*** Information shown ***

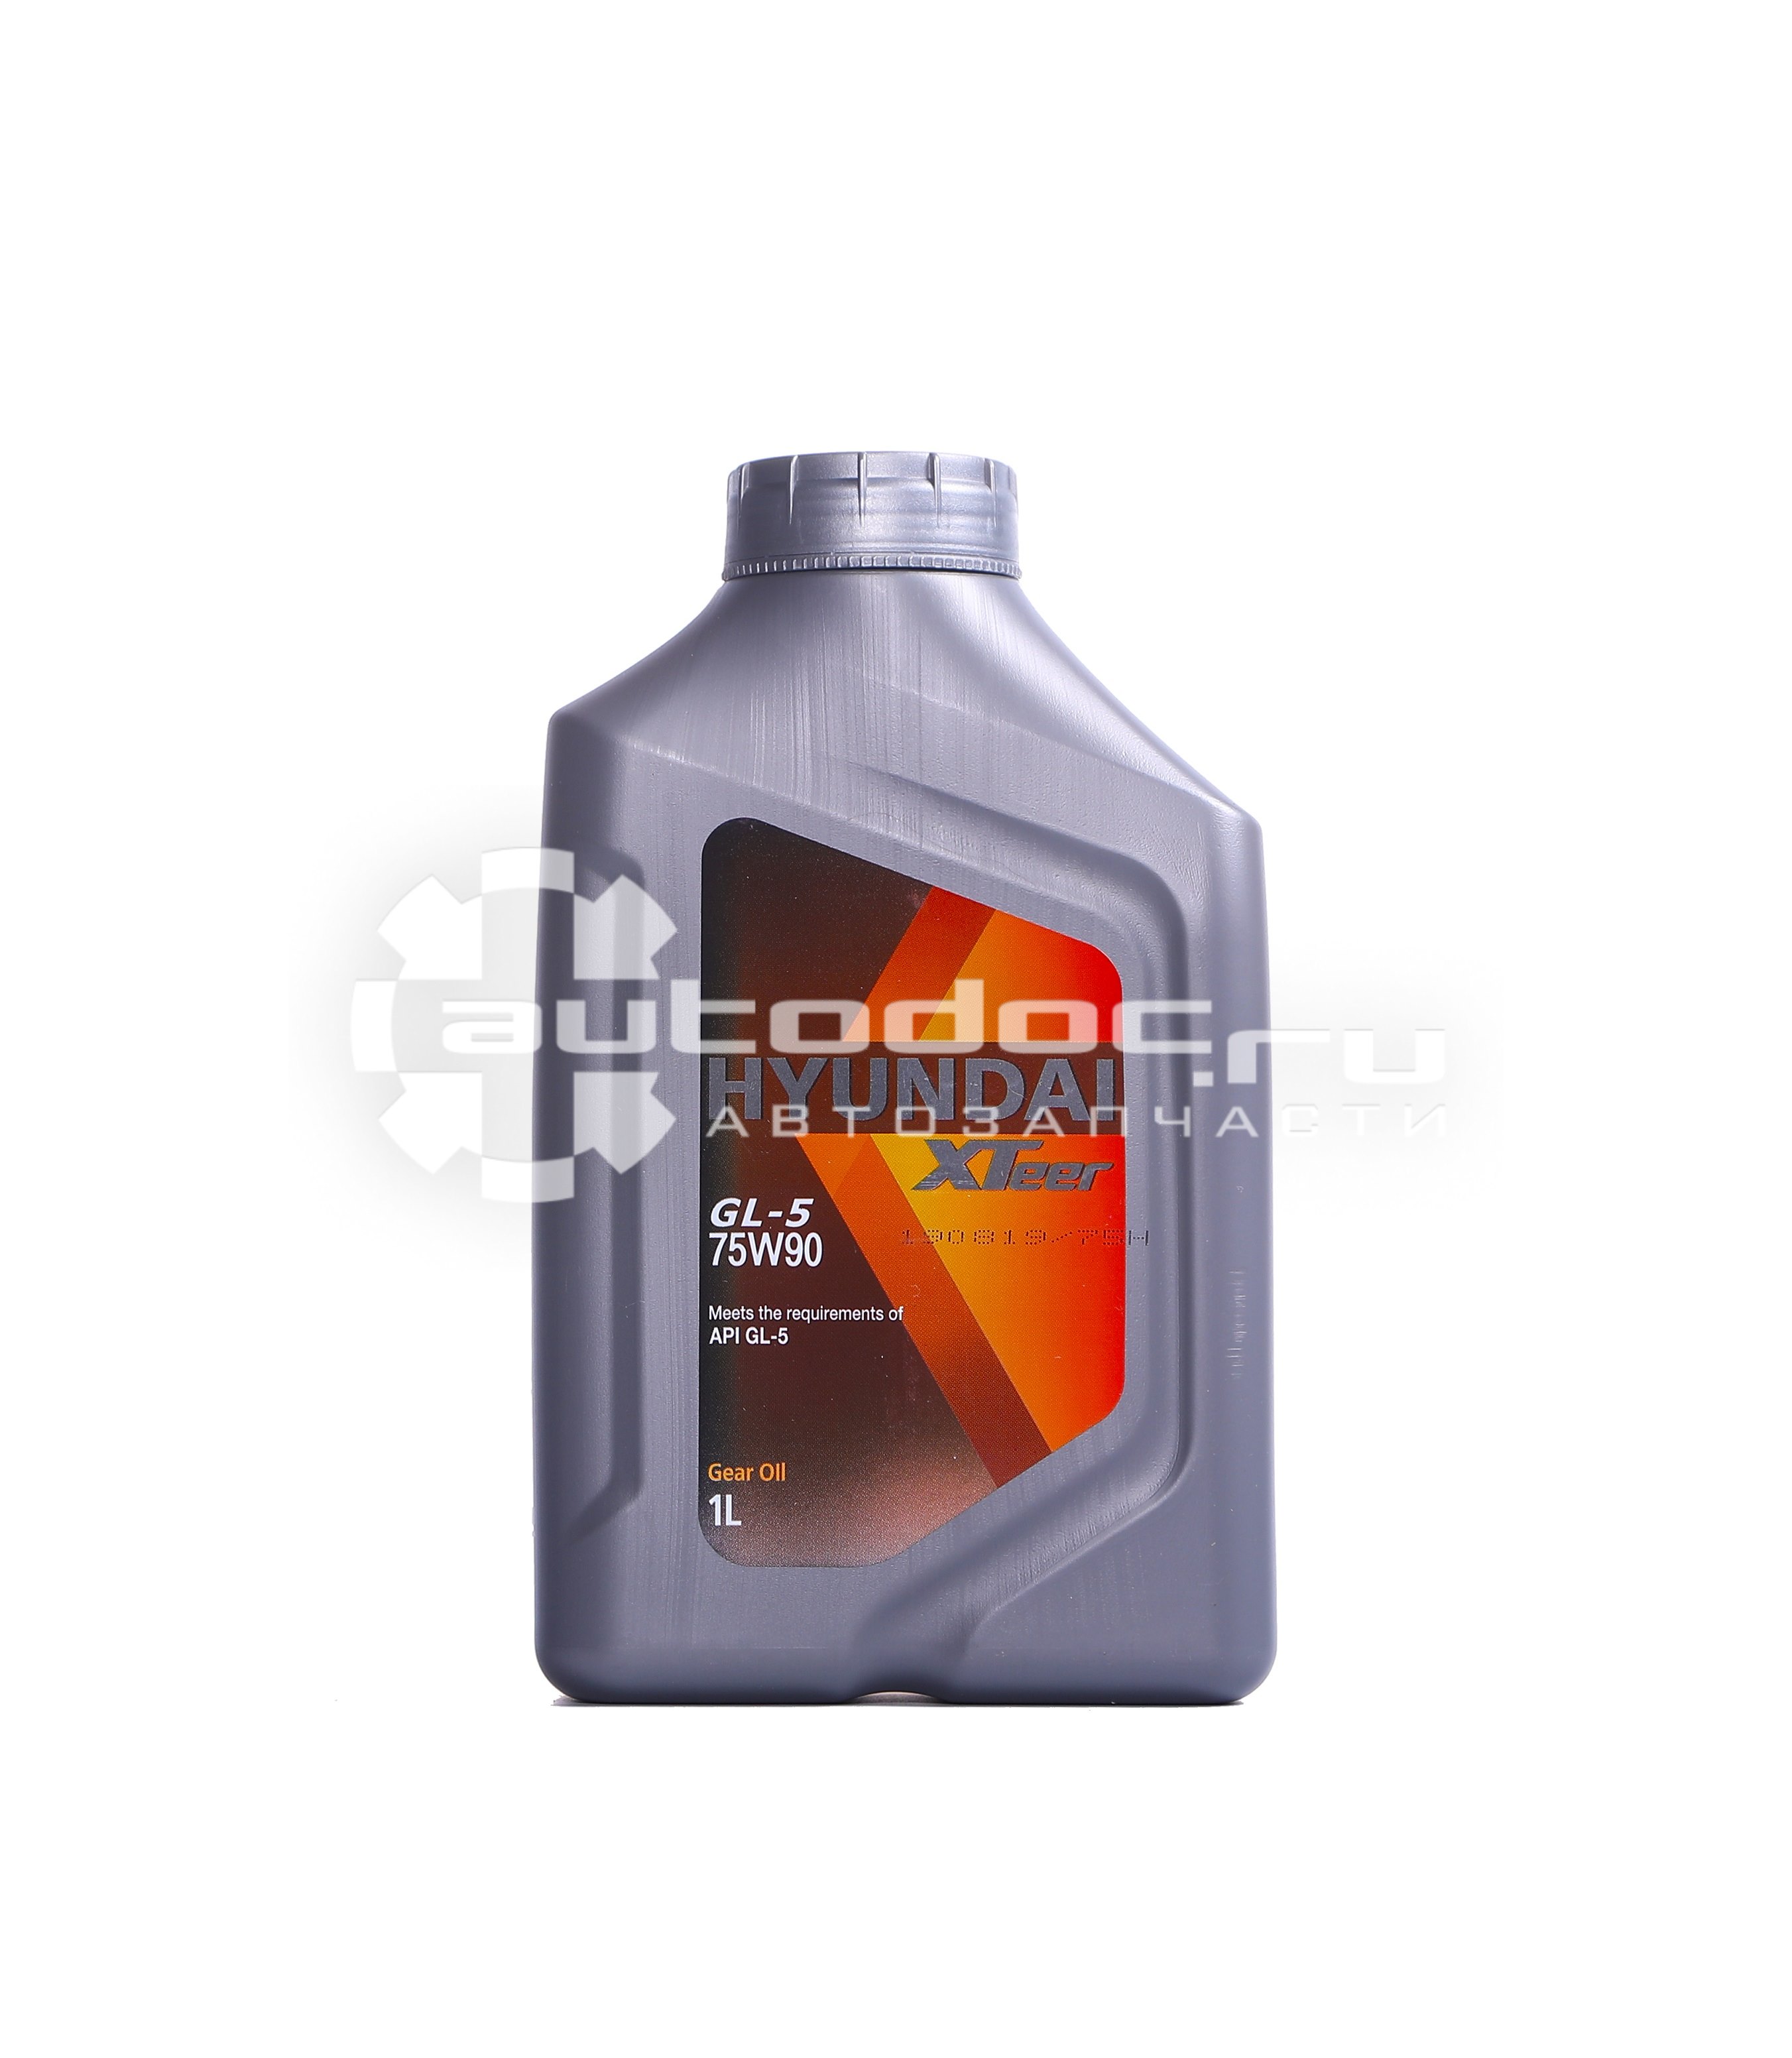 Икс тир масло. 1011413 Hyundai XTEER. Hyundai XTEER Gear Oil-4 75w90 (1l) масло трансмиссионное! Полусинт.\ API gl-4. Трансмиссионное масло Hyundai XTEER Gear Oil-4 75w90 gl-4 1л полусинтетическое. 1011439 Hyundai XTEER.
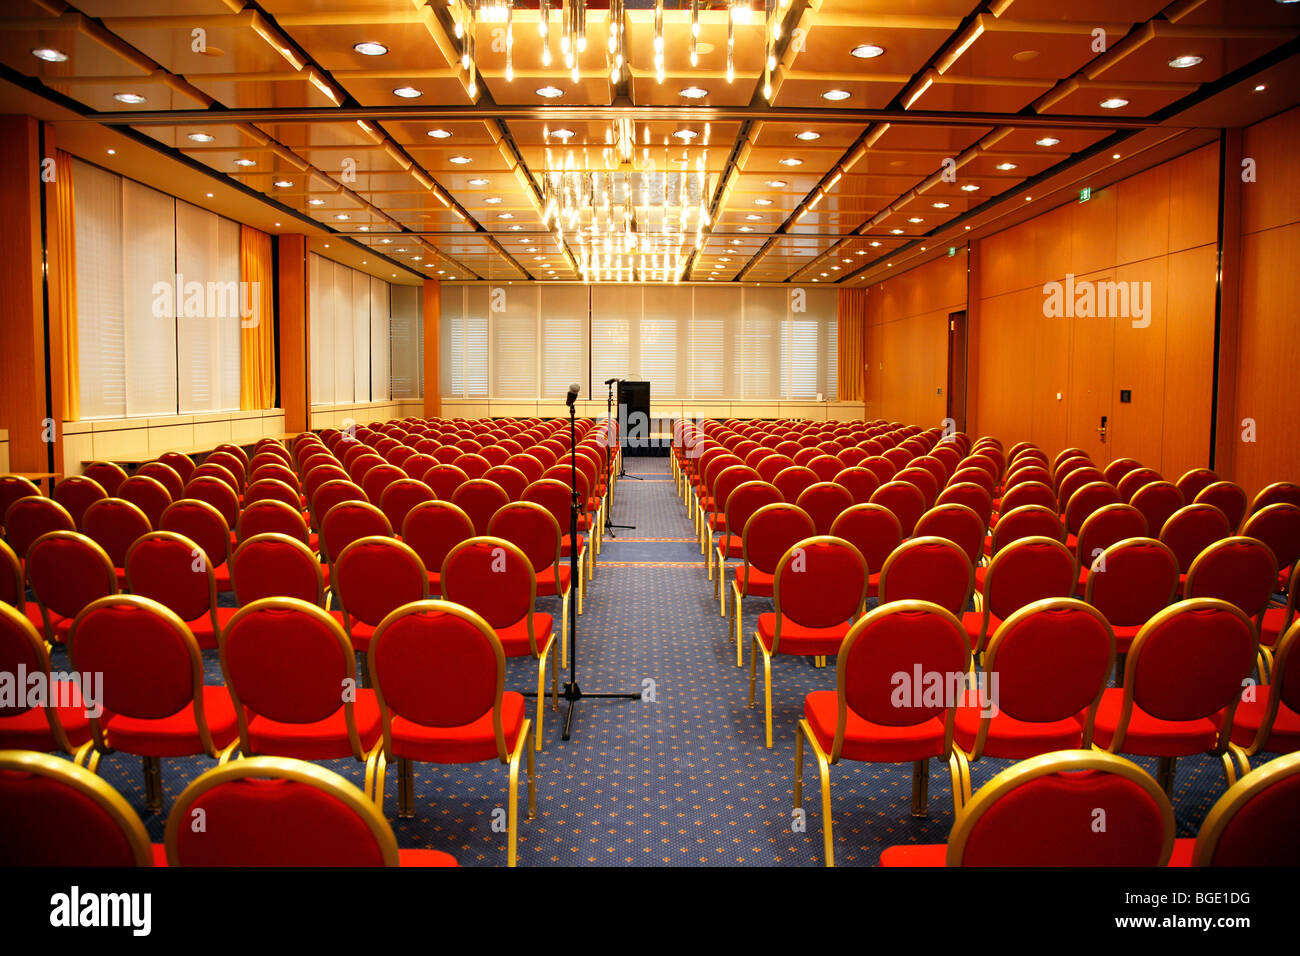 Konferenzsaal mit roten Stühlen in Reihen Stockfoto
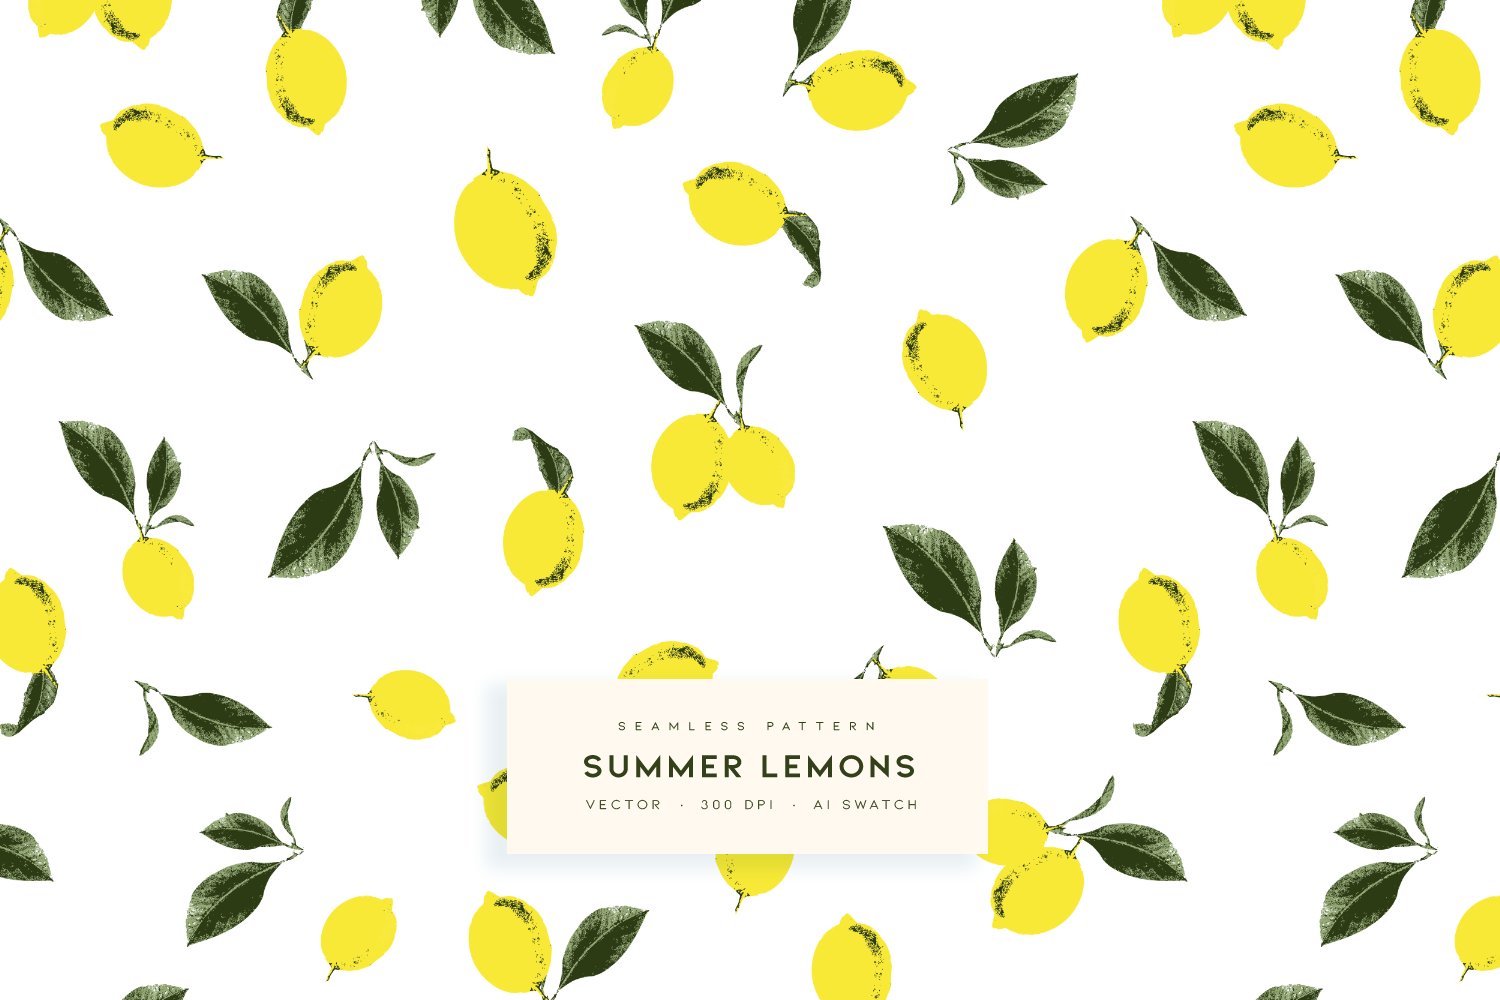 Summer Lemons | Vector Pattern cover image.
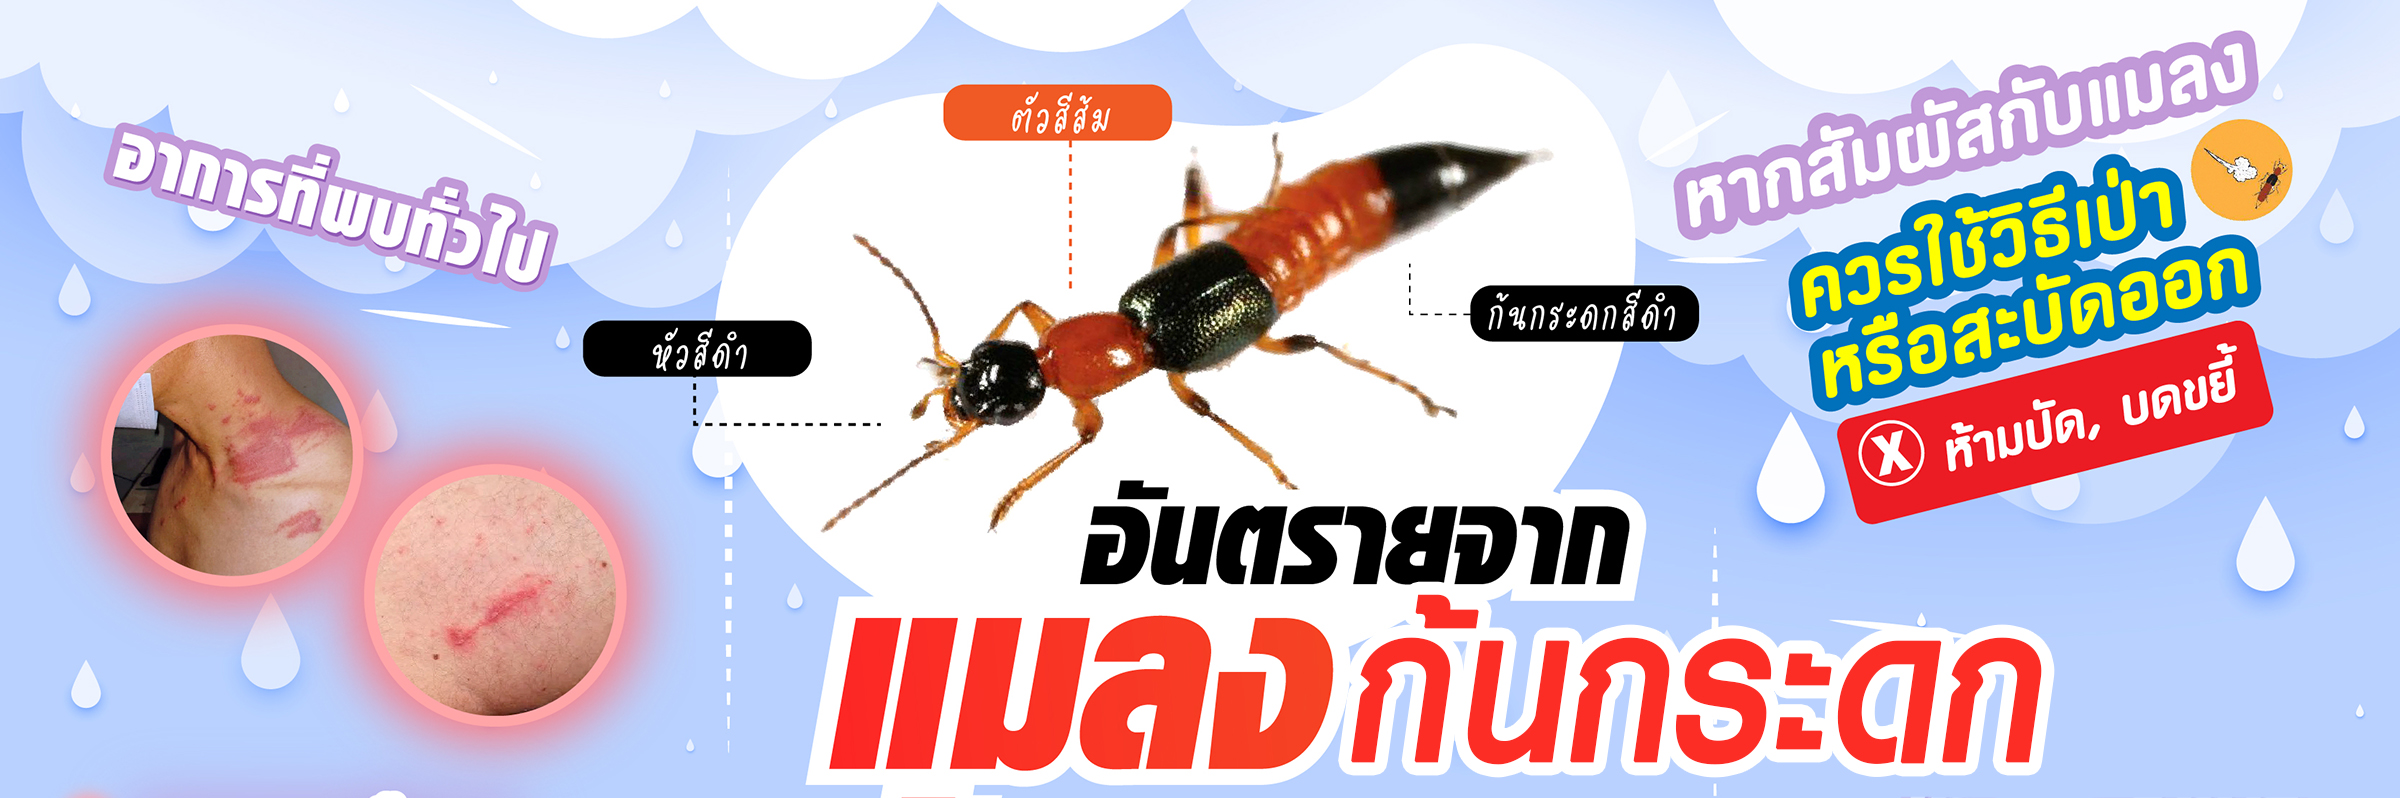 อันตรายจากแมลงก้นกระดก พิษร้ายในฤดูฝน

***

Give the listing again word for word. Skip any pictures.

 Икс тир масло. 1011413 Hyundai XTEER. Hyundai XTEER Gear Oil-4 75w90 (1l) масло трансмиссионное! Полусинт.\ API gl-4. Трансмиссионное масло Hyundai XTEER Gear Oil-4 75w90 gl-4 1л полусинтетическое. 1011439 Hyundai XTEER.
 Konferenzsaal mit roten Stühlen in Reihen Stockfoto
 Summer Lemons | Vector Pattern cover image.
 อันตรายจากแมลงก้นกระดก พิษร้ายในฤดูฝน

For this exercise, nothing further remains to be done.